Why exactly MatrixMulImage example provided with the new SDK is so much faster than standard MatrixMultiplication ? It is something like 2 or 3 time faster.
It looks like the only difference is in memory access done via new image support. Memory pinning, texture cache, etc, what is the source of the huge performance boost in using image instead of normal memory buffer ?
Short answer is : cache. TU uses cache. Normal memory access doesn't ( in theory it should use vertex cache on 5xxx, but it doesn't or not always or something like that ). Also the example is tailored for a little bit more efficient cache reuse.
Btw, what is performance in gflops of these functions? I assume it is single precision, what is about double precision, multiplication and addtiion are supported now.

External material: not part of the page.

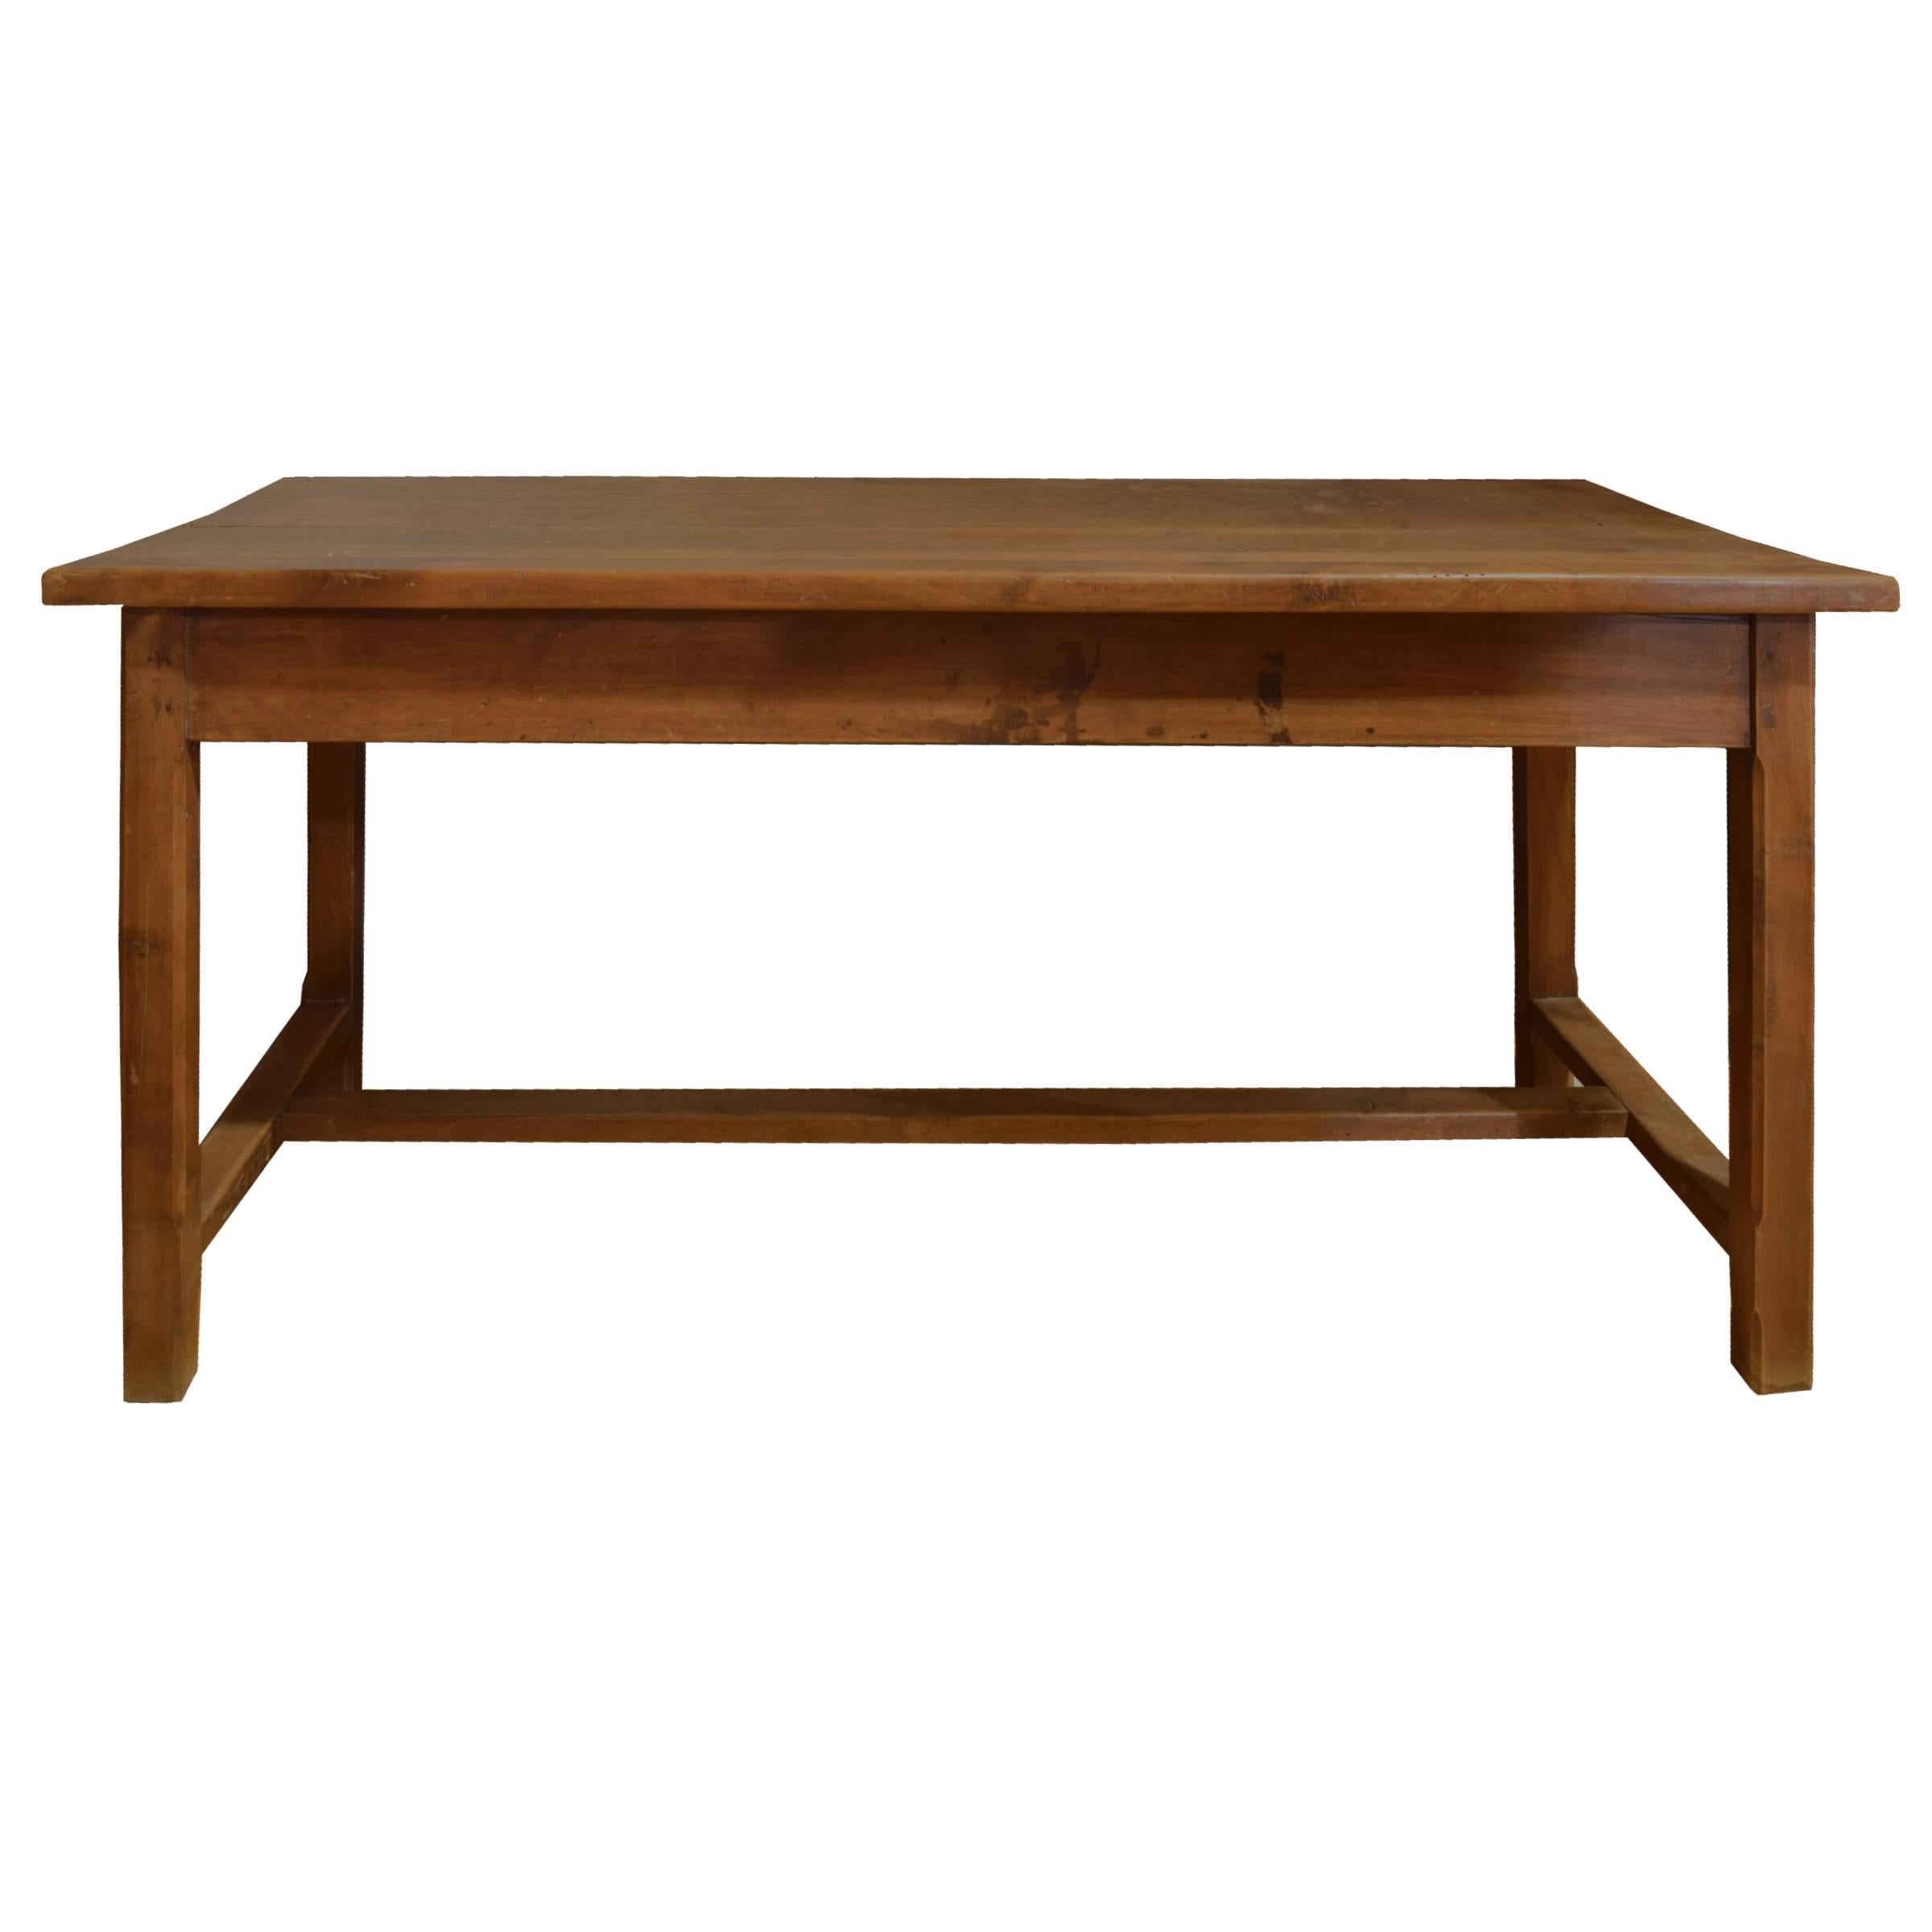 A French walnut farm table with a drawer on each end with brass hardware, stretchers across two legs, a central trestle, with great patina, early 20th century.

On 5870 single precision ~ 1 TFLOPs . Double precision is probably ~200-300 GFLOPs. More on this is here http://forums.amd.com/devforum/messageview.cfm?catid=390&threadid=127963&enterthread=y .
Maybe Teraflop?
Yep. My mistake .
Thanks. lol
Originally posted by: hazeman Short answer is : cache. TU uses cache. Normal memory access doesn't ( in theory it should use vertex cache on 5xxx, but it doesn't or not always or something like that ). Also the example is tailored for a little bit more efficient cache reuse.
Thanks, Hazeman, this explain a lot.
From the thread you linked, it looks like it is more an issue related to what is stored in the cache and/or memory layout than having or not a cache enabled (i.e. tiled format Vs linear format).
From the thread you linked, it looks like it is more an issue related to what is stored in the cache and/or memory layout than having or not a cache enabled (i.e. tiled format Vs linear format).
Without cache memory transfer is ~150GB/s ( 5870 ). Transfer from cache is ~50GB/s for 1 simd ( 20*50GB/s totall ). So whether the cache is used or not is quite important. Even if you don't hit much on cache it gives advantage.
Now the talk about layout was about squizing more performance. MatMul example is doing ~1 TFLOPs - but with perfect optimizations it should be possible to get >2 TFLOPs ( this has been achived but not with opencl ). In the thread I've linked I was suggesting what factors they might have missed ( memory/thread layout ).
But layout thing isn't a goal in itself. It's only a method to achive high cache reuse, so we can as often as possible have 1TB/s transfer. I doubt that tiled format is optimal for matmult but it's probably better than linear.
The standard MatrixMultiplication sample uses LDS instead of Texture Cache. For 1 SIMD Max theoritical bandwidth from LDS is 108.8 GB/s which is exactly double than that of L1 TC = 54.4 GB/s.
But the actual performance is very less as maximum benchmarked bandwidth from LDS is only around 850 GB/s on 5870 (should be 2 TB/s according to theoritical max) and that too for only single-component data type, using vec4 reads from LDS gives much lesser bandwidth which the sample uses.